● **Task to carry out**: Without the pictures, write out all the lines below exactly as they appear.

● **Given data**:
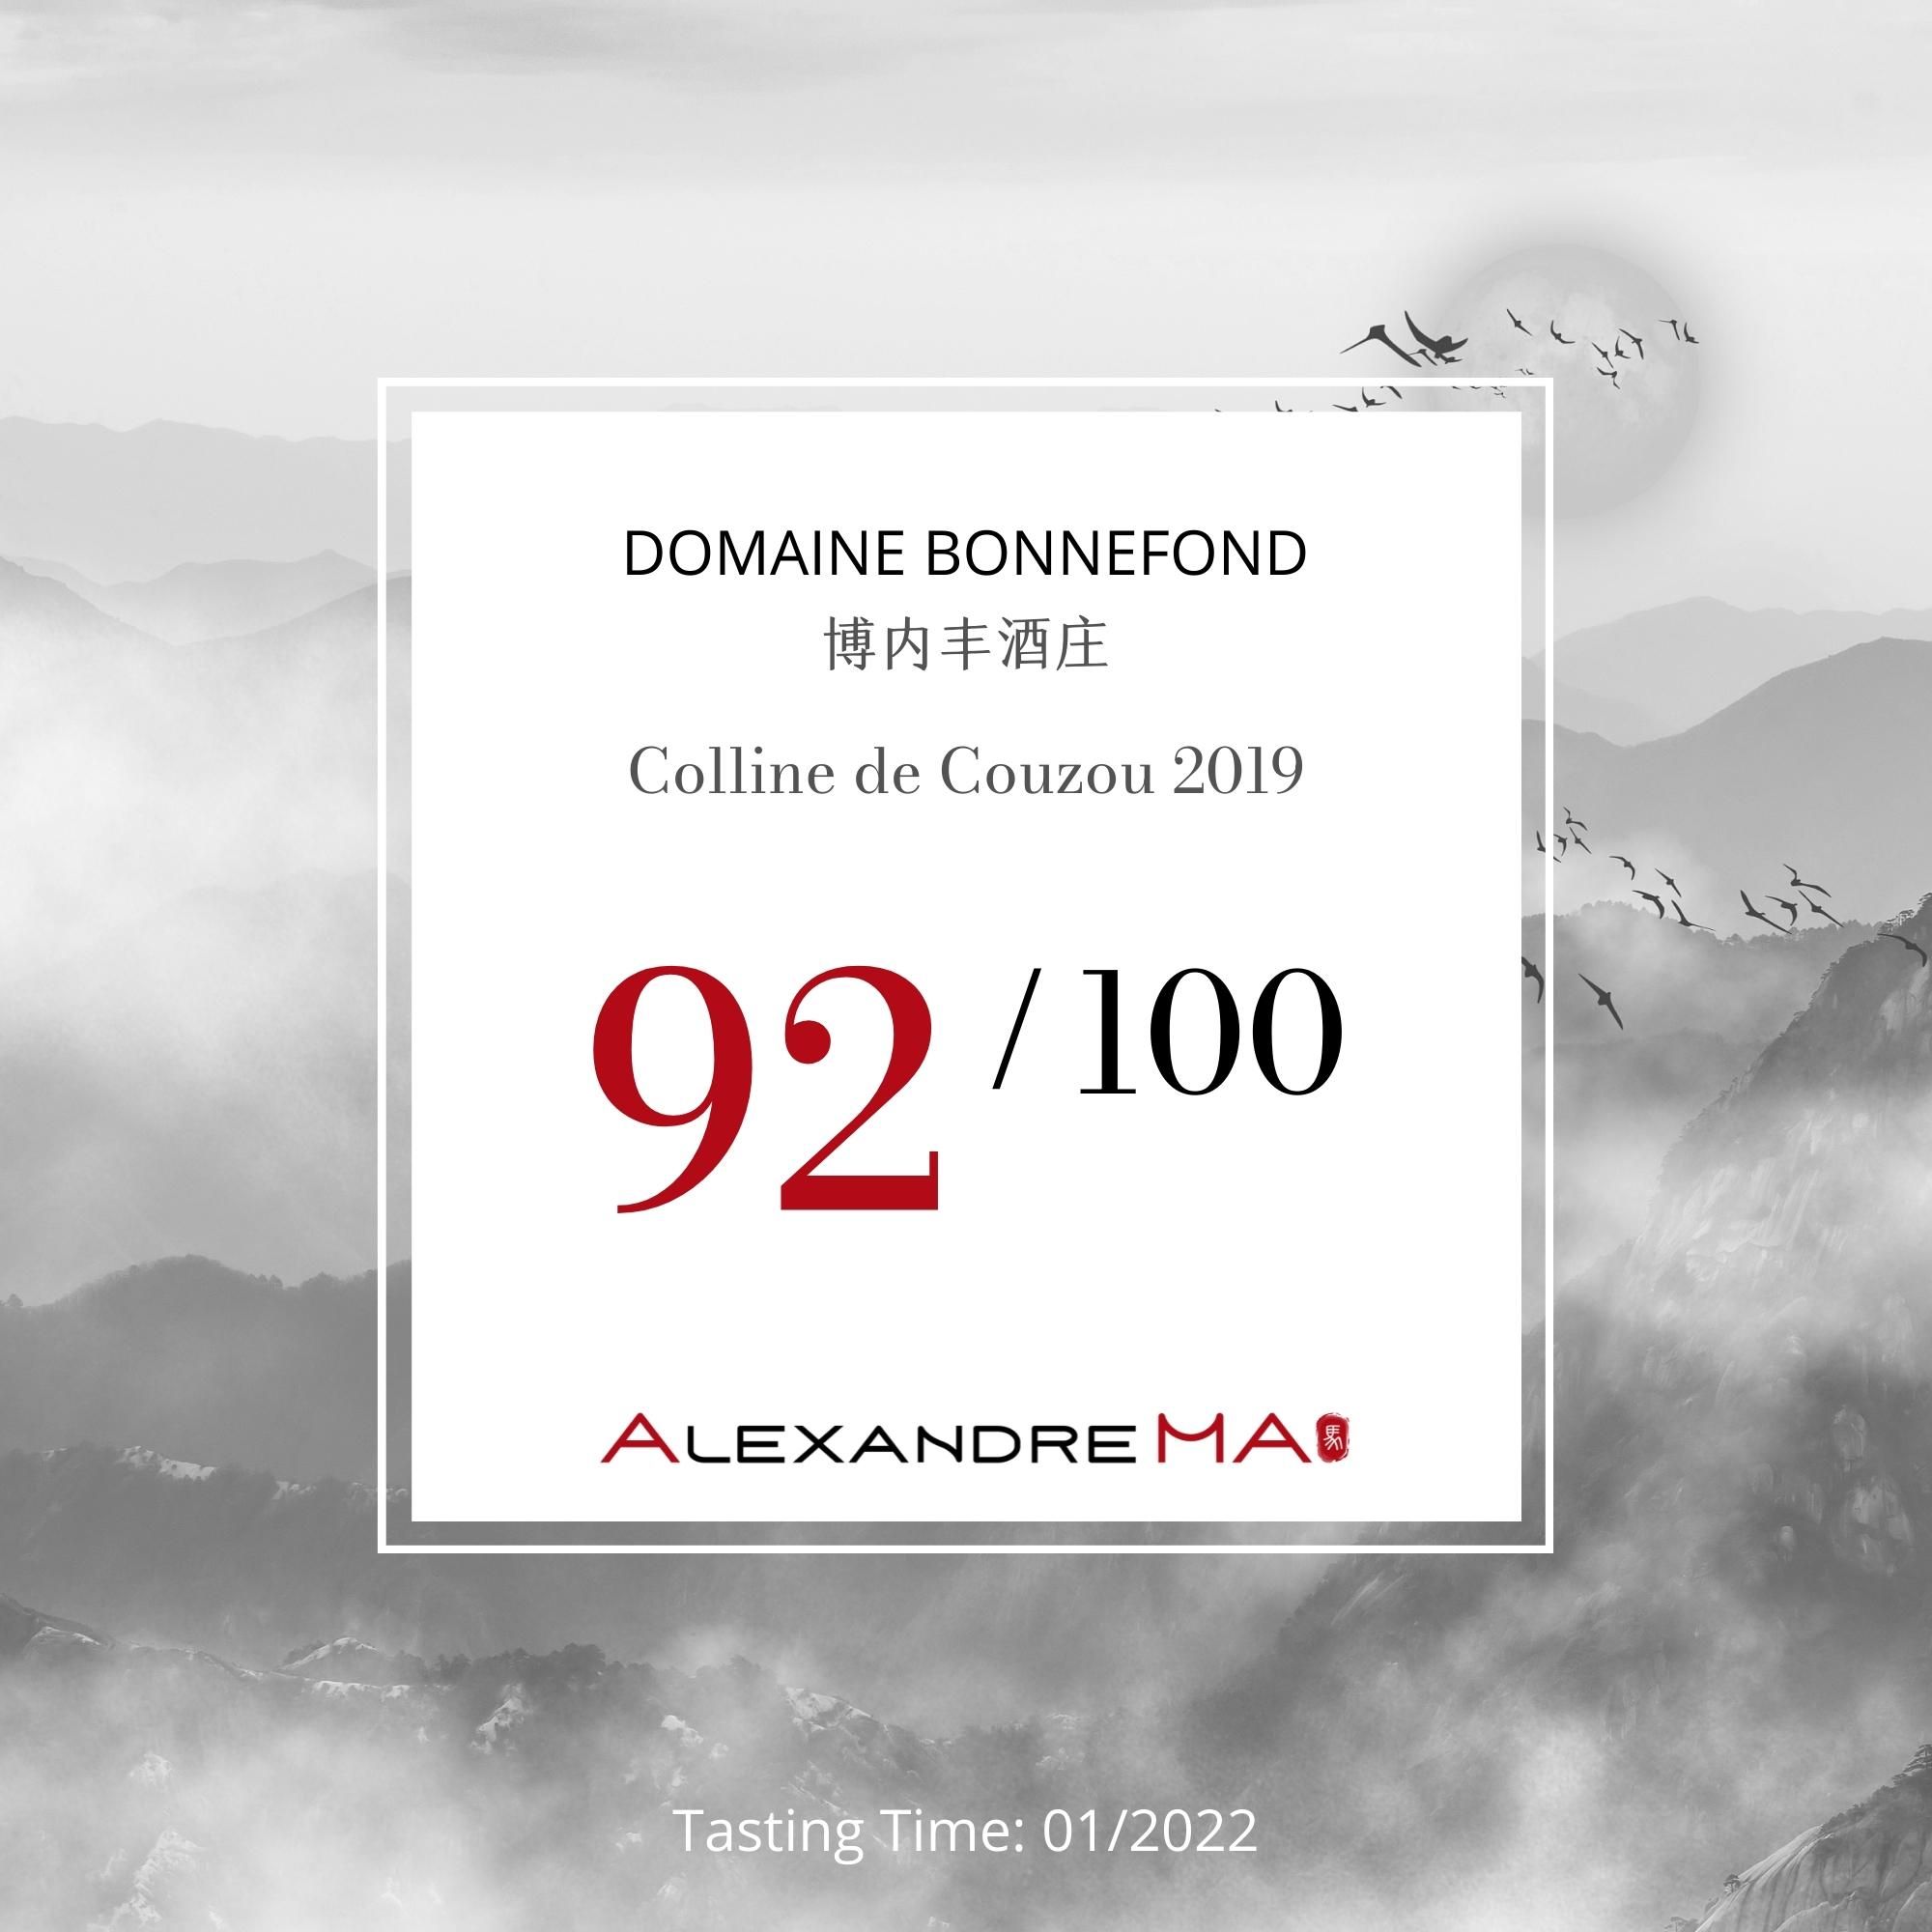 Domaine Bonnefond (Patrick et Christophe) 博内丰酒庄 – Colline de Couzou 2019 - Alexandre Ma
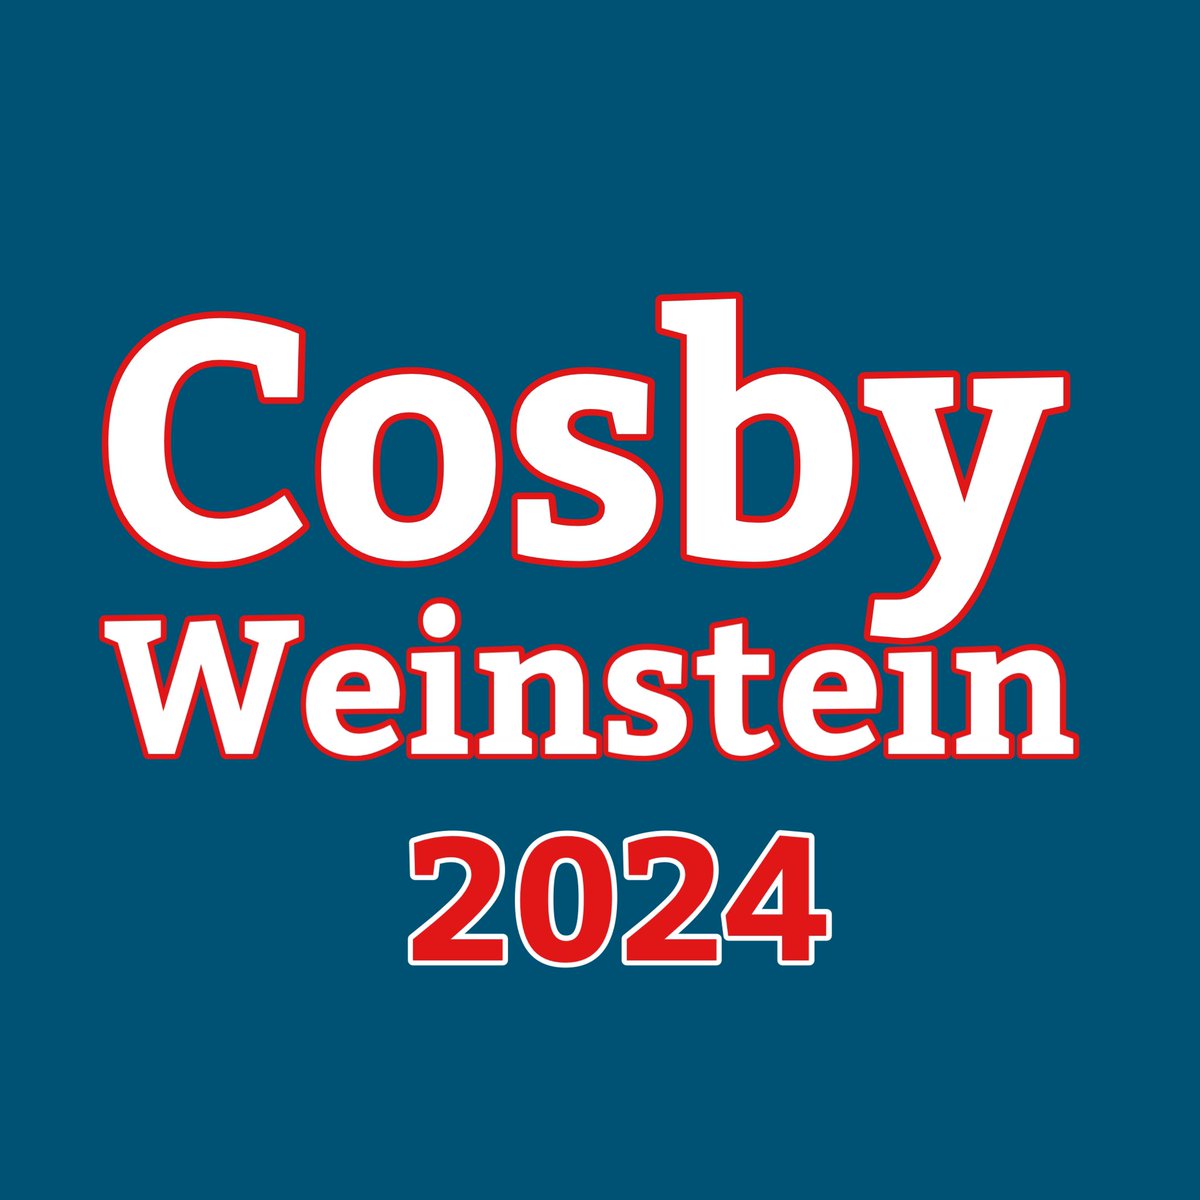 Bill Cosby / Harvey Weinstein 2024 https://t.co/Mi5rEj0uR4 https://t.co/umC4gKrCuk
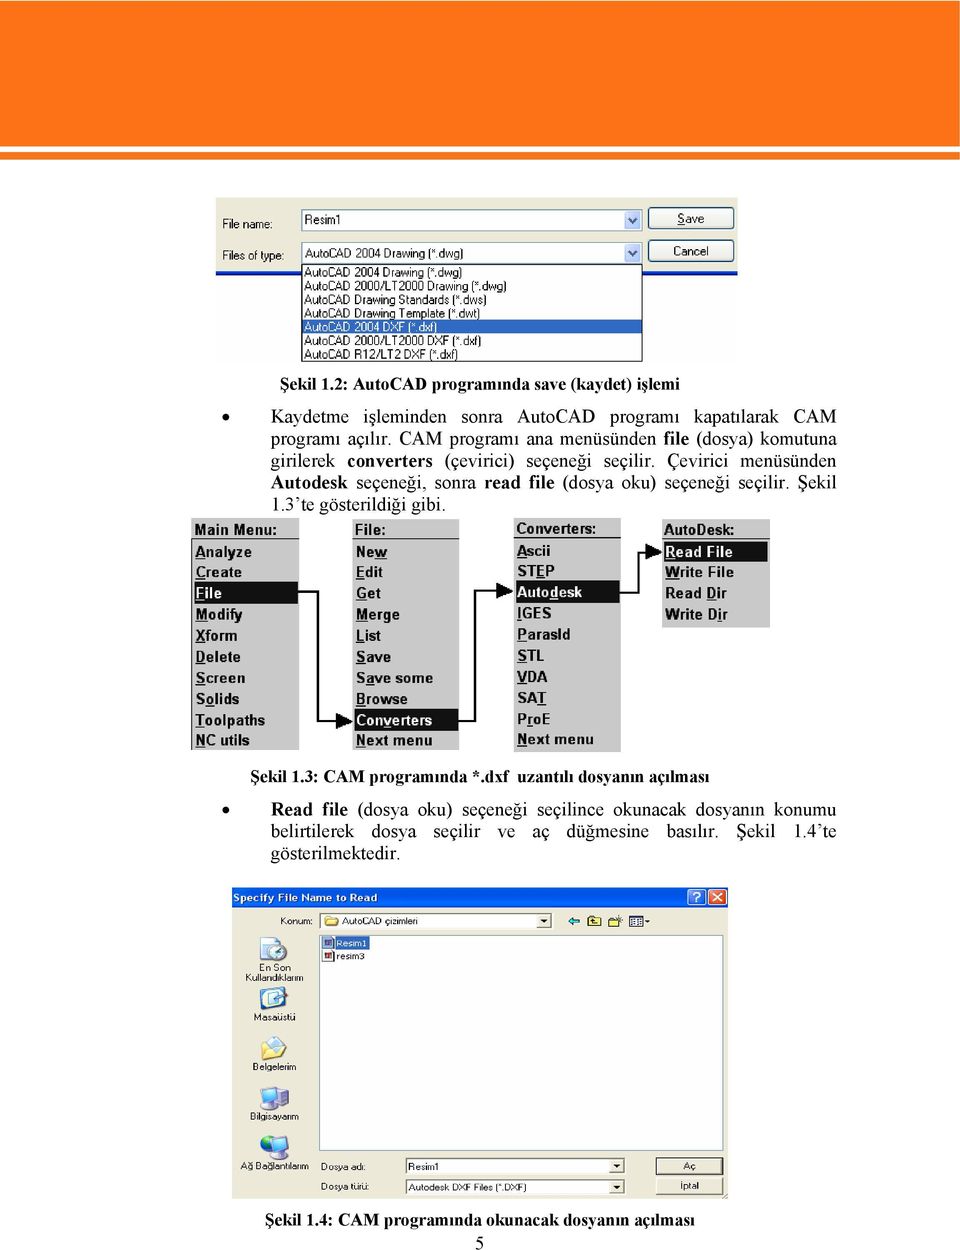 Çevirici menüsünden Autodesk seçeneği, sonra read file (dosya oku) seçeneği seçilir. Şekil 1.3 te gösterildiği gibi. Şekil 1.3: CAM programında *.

● **Result**:
 Domaine Bonnefond (Patrick et Christophe) 博内丰酒庄 – Colline de Couzou 2019 - Alexandre Ma
 Bill Cosby / Harvey Weinstein 2024 https://t.co/Mi5rEj0uR4 https://t.co/umC4gKrCuk
 Çevirici menüsünden Autodesk seçeneği, sonra read file (dosya oku) seçeneği seçilir. Şekil 1.3 te gösterildiği gibi. Şekil 1.3: CAM programında *.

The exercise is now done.